Treatment of Systemic Lupus Erythematosus (SLE) With N-acetylcysteine
Status: | Completed |
---|---|
Conditions: | Lupus |
Therapuetic Areas: | Immunology / Infectious Diseases |
Healthy: | No |
Age Range: | 18 - Any |
Updated: | 11/30/2013 |
Start Date: | March 2009 |
End Date: | June 2014 |
Contact: | Andras Perl, M.D., Ph.D. |
Email: | perla@upstate.edu |
Phone: | (315) 464-4194 |
Systemic lupus erythematosus (SLE) is a chronic inflammatory disease which often has
debilitating and potentially life-threatening consequences. The cause of SLE is unknown and
current therapies lack specificity and carry significant side-effects. Existing data in the
literature provide evidence that a natural antioxidant, glutathione, is depleted in T cells
of patients with SLE. This may be a key factor underlying abnormal activation and
predisposition of T lymphocytes to pro-inflammatory cell death via necrosis. Administration
of N-acetylcysteine (NAC), that serves as a precursor of glutathione (GSH), improves the
clinical outcome of murine lupus, and limits the toxicity of pro-oxidant/immunosuppressant
medications commonly used in patients with SLE. NAC is widely available in health food
stores and large doses (up to 8 g/day) can be safely administered to humans. In a one-year
study of patients with inflammatory lung disease treated with prednisone and azathioprine,
addition of NAC (1.8 g/day) diminished disease severity and reduced drug toxicity in
comparison to placebo. Moreover, oral NAC has been found to improve muscle fatigue which is
reported to be the most disabling symptom in 53% of patients with SLE. Thus, establishing a
dose ranging between 1.2-7.2 g/day that is well tolerated and capable of raising
intracellular GSH in lupus patients and determining its immunological and therapeutic impact
in SLE appears to be well justified.
The study will consist of two parts, Aim 1 and Aim 2.
AIM 1:
The purpose of Aim 1 was to establish the optimal daily oral dose of NAC that can be well
tolerated without side effects and can normalize or moderate the depletion of GSH in lupus T
cells.
36 SLE subjects and 42 healthy controls (matched by age and sex) were studied.
The 36 SLE subjects were divided into 3 groups of 12. Each group received a different dose
of NAC (N-acetylcysteine)or placebo as follows:
Group 1: 9 received 600mg of NAC two times a Day, 3 received placebo; Group 2: 9 received
1200mg of NAC two times a Day, 3 received placebo; Group 3: 9 received 2400mg of NAC two
times a Day, 3 received placebo;
To account for attrition 12 subjects were randomized in each group (9 active, 3 placebo).
At each subject visit, blood from a healthy donor was drawn and used as control. The control
blood was used for flow cytometry measurements of GSH and in vitro immunological studies. In
addition to GSH measurements and immunologic studies, routine labs., ASRS self-reporting
assessment questionnaire, and SLEDAI/BILAG/Fatigue scores were obtained for the SLE
subjects. The healthy control subjects also answered the ASRS self-reporting questionnaire.
The ASRS questionnaire was incorporated into the study procedures in October, 2009. It is
designed to assess a patient's ability to concentrate which could be affected by the
involvement of the Central Nervous System (CNS) in lupus.

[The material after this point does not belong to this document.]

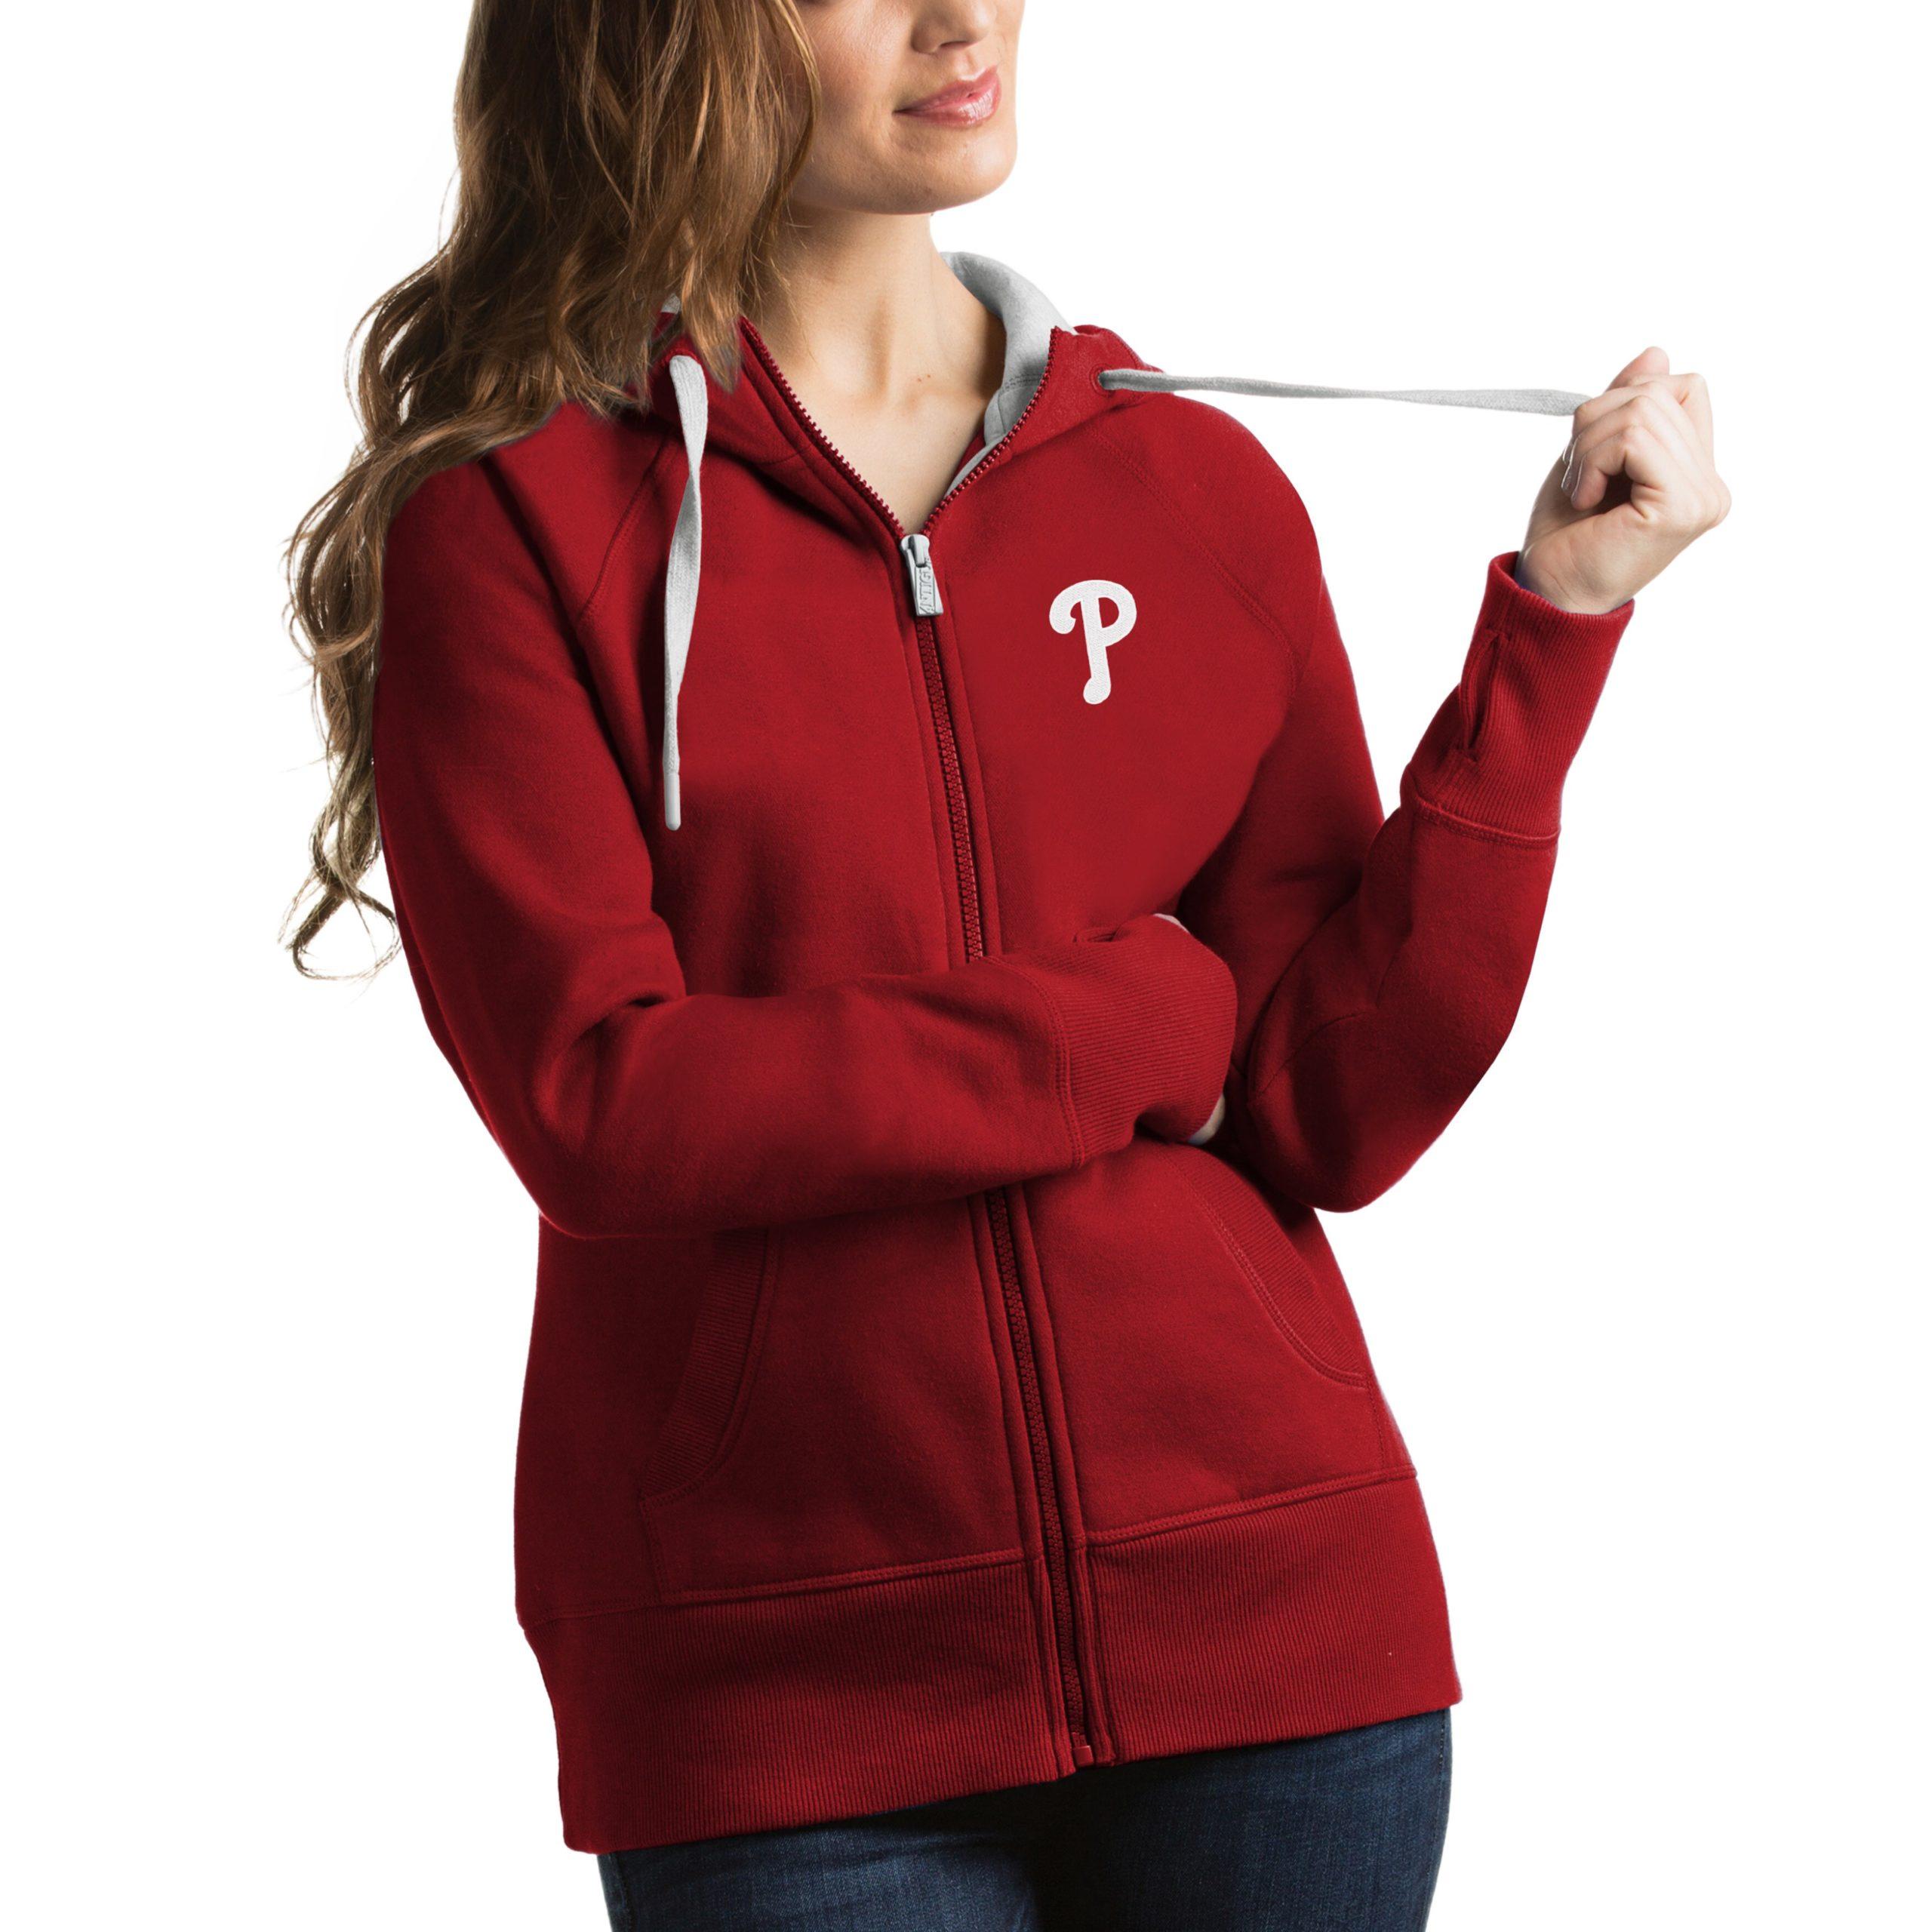 Philadelphia Phillies Antigua Women's Victory Full-Zip Hoodie - Red

There were up to 5 study visits
per SLE subjects in a period of four months.
At each visit up to 100 ml of blood were drawn from each subject. 20 ml are needed for
routine labs. and up to 80 ml are needed for the GSH and immunological tests.
Dose comparisons were based on continuous monitoring of adverse events and drug tolerance.
AIM 2:
Aim 2 will determine the tolerance and impact of two NAC doses on disease activity and
prednisone use in 165 subjects with SLE in a double-blind placebo-controlled 12-month study.
It is designed to detect clinically meaningful differences in disease activity in the
patient population.
It was determined by statistical analysis that each group must have 55 subjects. SLE
subjects will be randomized into 3 groups of 55 subjects to receive 1.2 g of NAC twice a
day, 2.4 g of NAC twice a day, or placebo. There will be up to seven study visits per SLE
subject, including the screening and wash out visits. Visits 1-5 will be scheduled three
months apart. The study will last 13 months with the wash out visit. Each subject will
donate approximately 80 ml of blood for research at each visit. Healthy control subjects
will donate blood at the same time. They will be matched to the SLE subjects by gender, age
within 10 years, and ethnicity. Their blood will be used as reference for research assays.
The inclusion and exclusion criteria will be the same as in Aim 1 and the same subjects may
continue to participate. There is a new consent form required to participate in the second
phase.
Based on the analysis of the data obtained during Aim 1 the Safety Monitoring Board
concluded during their meeting on April, 2011 that Aim 2 should proceed using two NAC dosing
arms instead of one. Although a fourth dosing group was originally proposed for Aim 1, the
board decided not to proceed with this last dosing group of 4800 mg of NAC two times a day.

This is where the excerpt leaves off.